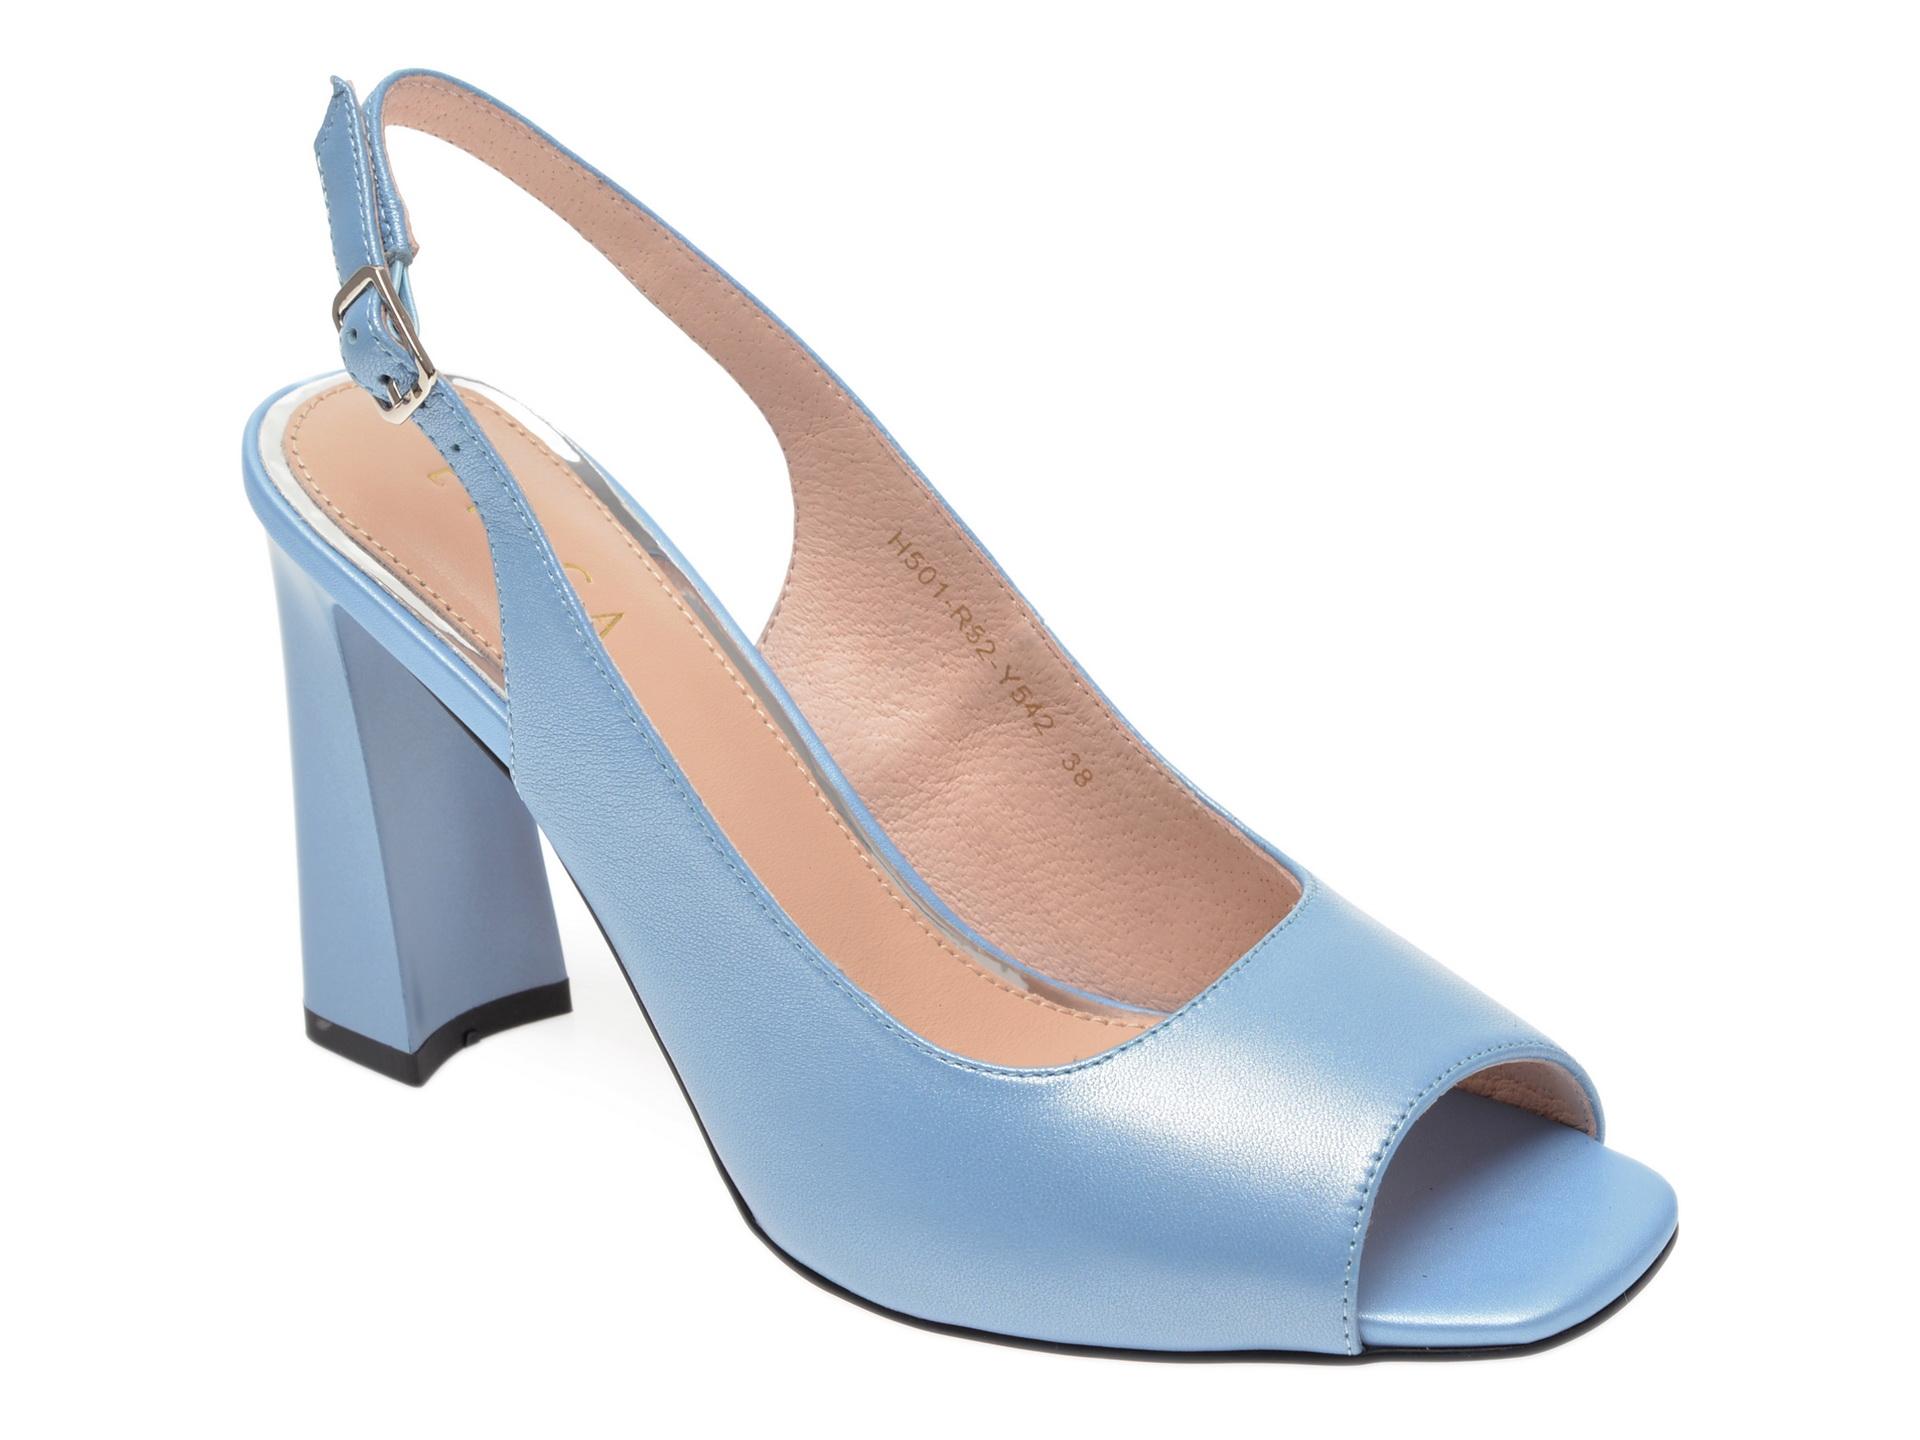 Sandale EPICA albastre, H501R52, din piele naturala
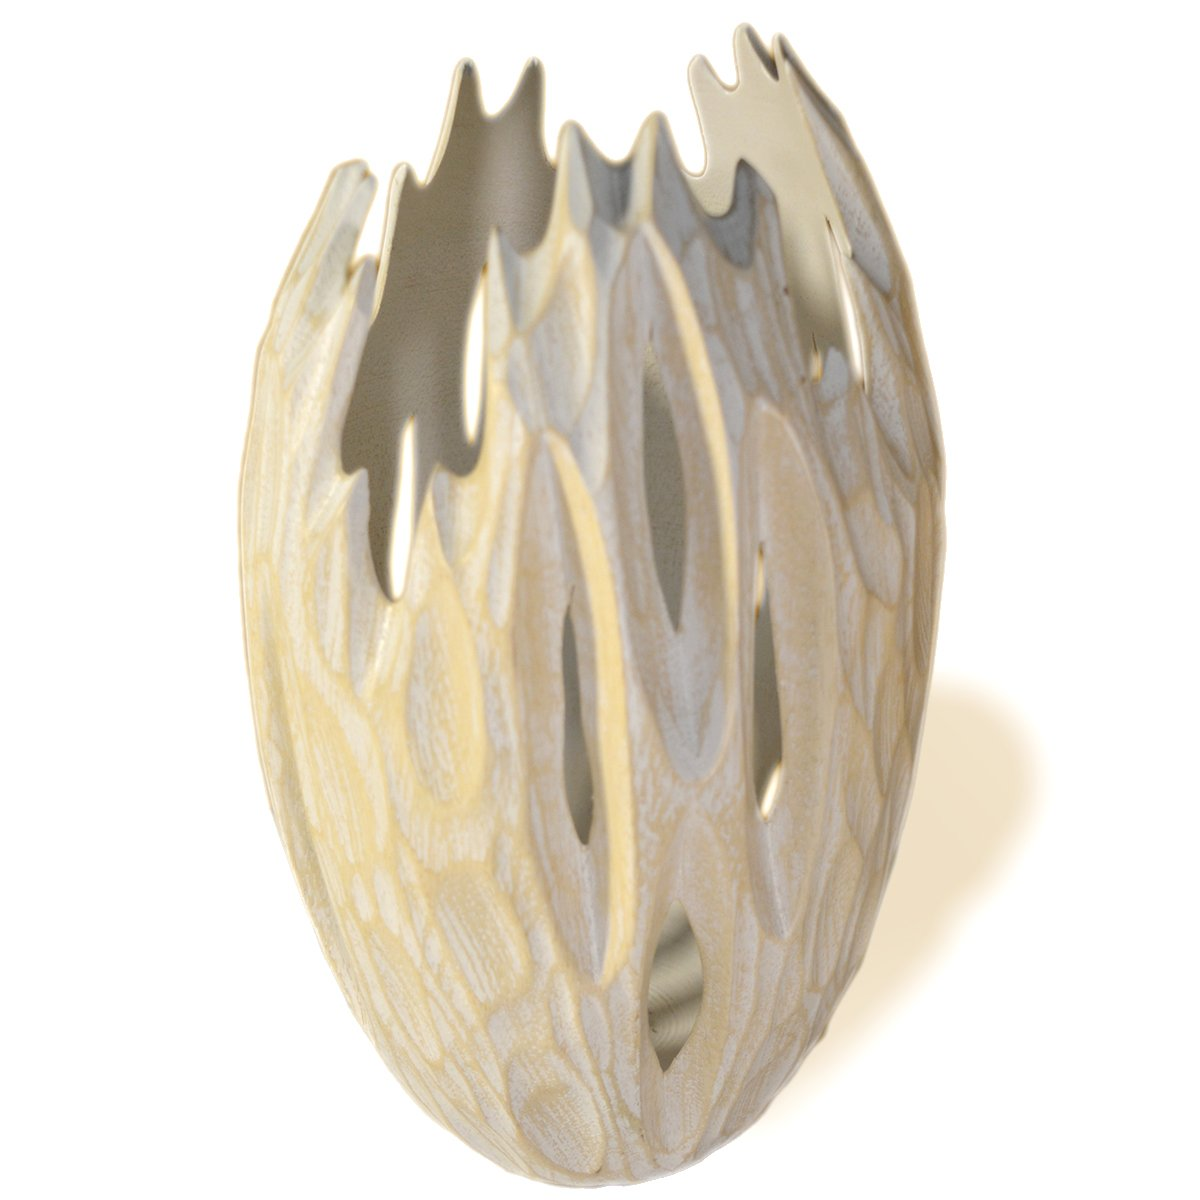 Roro Minimalist Handcarved Wood Vase with Upward Grooves (Whitewash) by roro (Image #1)
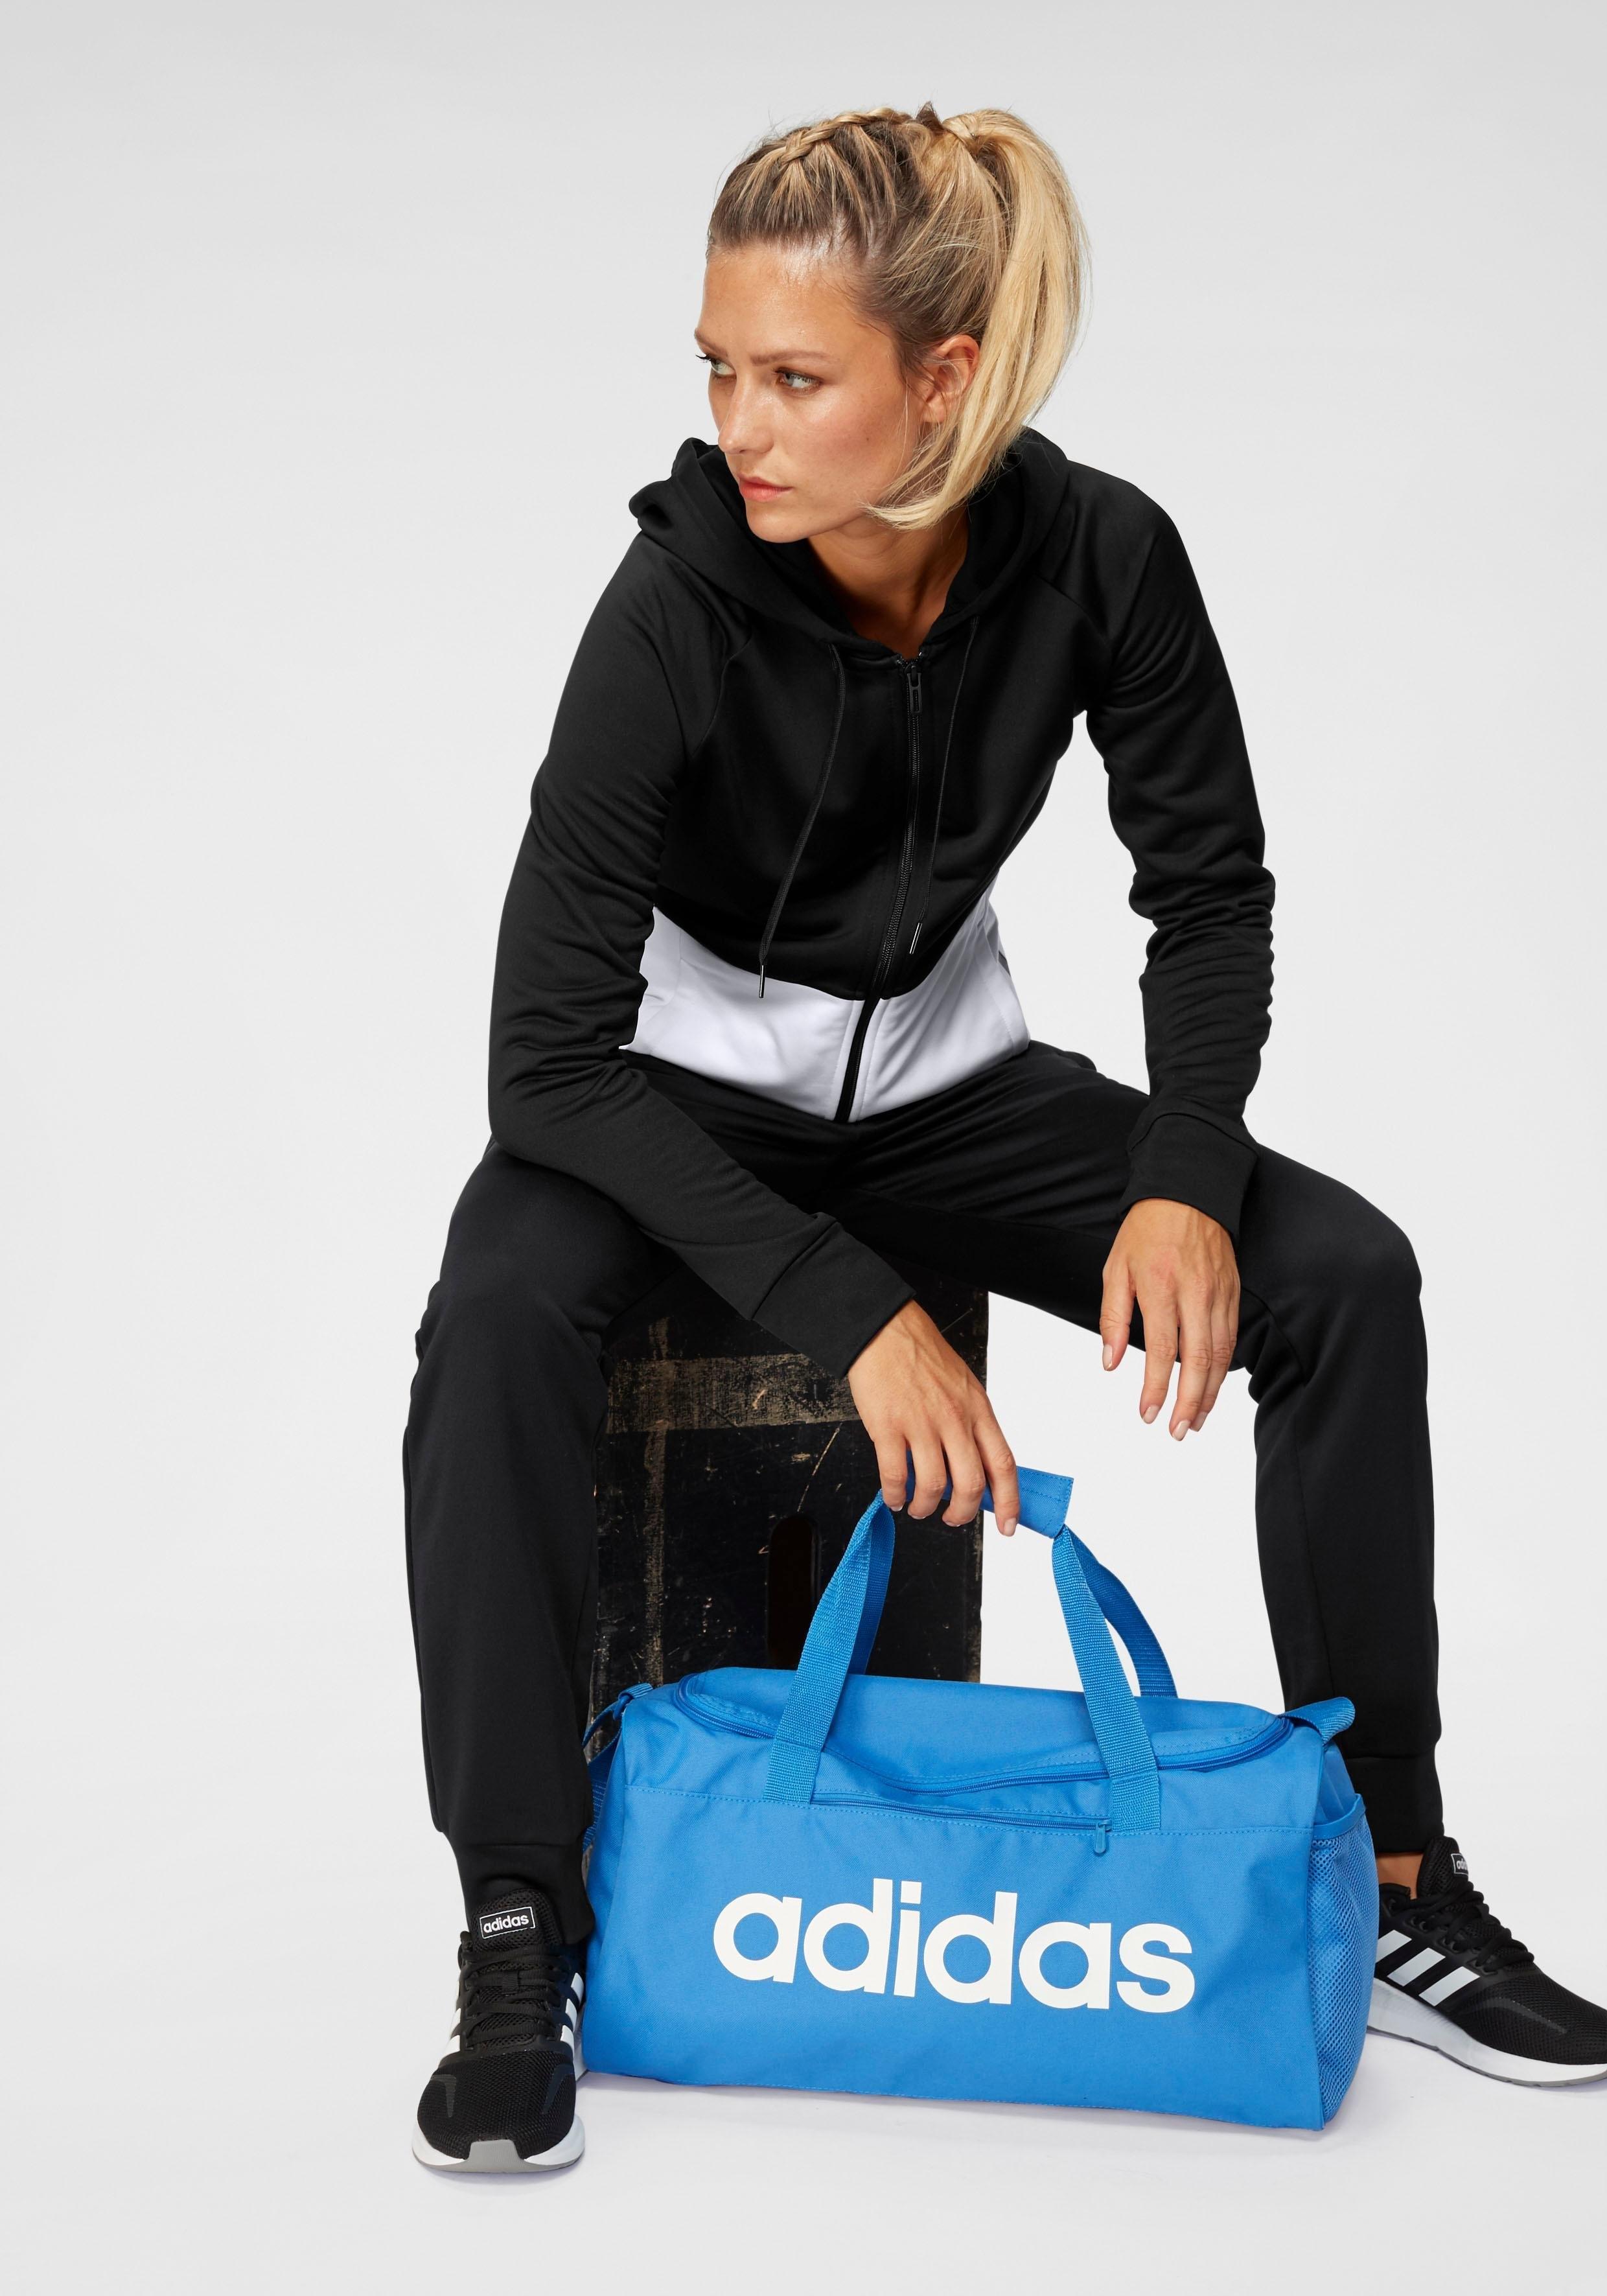 adidas Performance trainingspak (set, 2-delig) goedkoop op otto.nl kopen
※ ※ ※
**Your task:** Leaving every picture out, output the data exactly as it stands.

**Answer to this exercise:**
 Sandale EPICA albastre, H501R52, din piele naturala
 Roro Minimalist Handcarved Wood Vase with Upward Grooves (Whitewash) by roro (Image #1)
 adidas Performance trainingspak (set, 2-delig) goedkoop op otto.nl kopen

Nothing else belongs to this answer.